Ground 3 – active adjudication by the trial judge or entering the arena?

  1. Mr. Rajasundaram has submitted that the learned trial judge was biased in his conduct of the case. He contends that Oceana’s claim could not have been supported unless the amounts claimed were amended as to match their documentary evidence. He supports this contention by drawing our attention to the fact that the Plaint was only amended due to his objections to the production documents not supported by the original pleadings. In his view, the court assisted Oceana in curing “the defective Plaint”.

  2. He highlighted other instances to show the court’s biases: (1) where the court allowed a witness to answer questions on a report which had been marked as an “item” and had not yet been marked as an exhibit on the production if the insurance policy only after he had informed the court that it had not yet been produced, (2) on the recall of Oceana’s witness, Mr. Hoareau from the Seychelles Bureau of Standards to produce the water sample test results after Oceana had already closed its case, and (3) on allowing Oceana to produce various invoices without calling the issuer of the invoices.

  3. Unhelpfully, Mr. Bonté has offered no submissions on this issue.

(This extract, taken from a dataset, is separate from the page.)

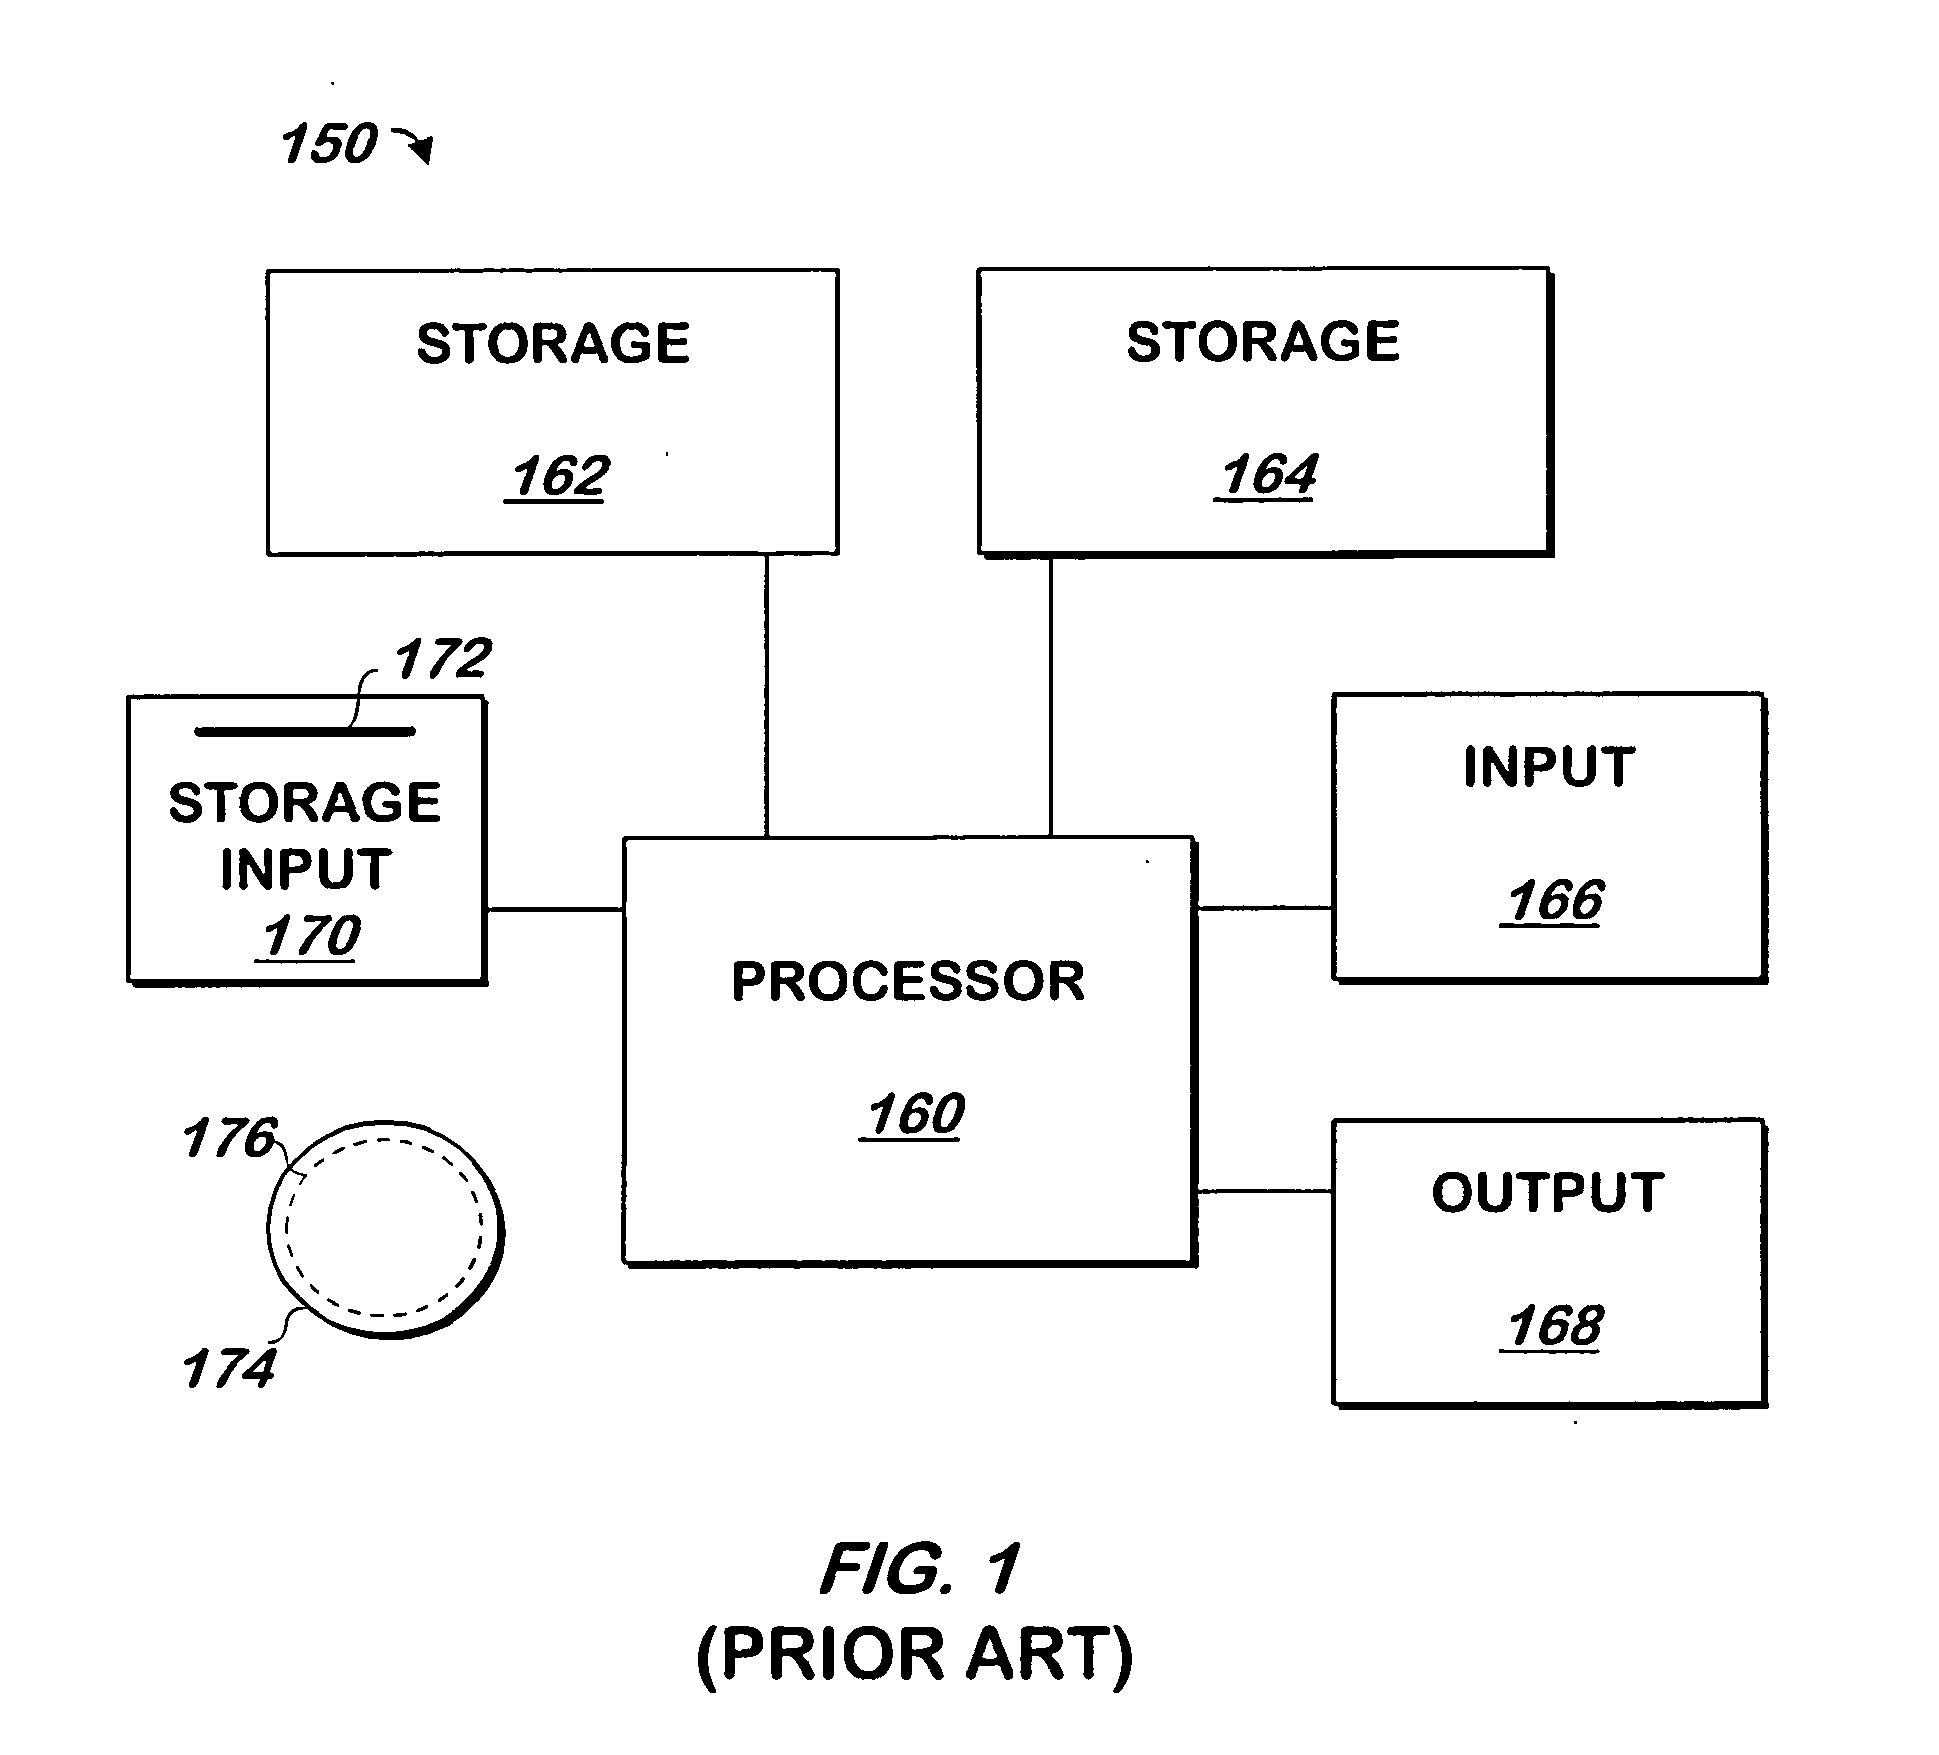 System and method for accurately displaying communications traffic information

  4. Our jurisdiction has dealt with many instances of alleged bias by courts. The principles to apply where such grave allegations are made are set out in the case of Government of Seychelles & Anor v Seychelles National Party & Ors; Michel & Ors v Dhanjee (SCA 4 of 2014) [2014] SCCA 33 (12 December 2014). Domah JA in defining the new test to applied states that:

having ascertained all the circumstances bearing on the suggestion that the Judge was (or could be) biased, the court must itself decide ‘whether those circumstances would lead a fair-minded and informed observer to conclude that there was a real possibility that the tribunal was biased.”

  1. In the Canadian case of Chippewas of Mnjikaning First Nation v. Ontario (Minister of Native Affairs) [2010] O.J. No. 212 (C.A.) [Chippewas], the appellant grounded their appeal on reasonable apprehension of bias based on the judge’s interventions during the trial. Similar to the present appeal, allegations were made that the trial judge assumed the role of counsel when he asked witnesses questions and inappropriately commented on evidence to be expected from the appellant, and overall, there was an appearance of unfairness. They claimed that the cumulative effect of the judge’s interventions indicated that he was receptive to the respondents’ case and dismissive of the appellant’s.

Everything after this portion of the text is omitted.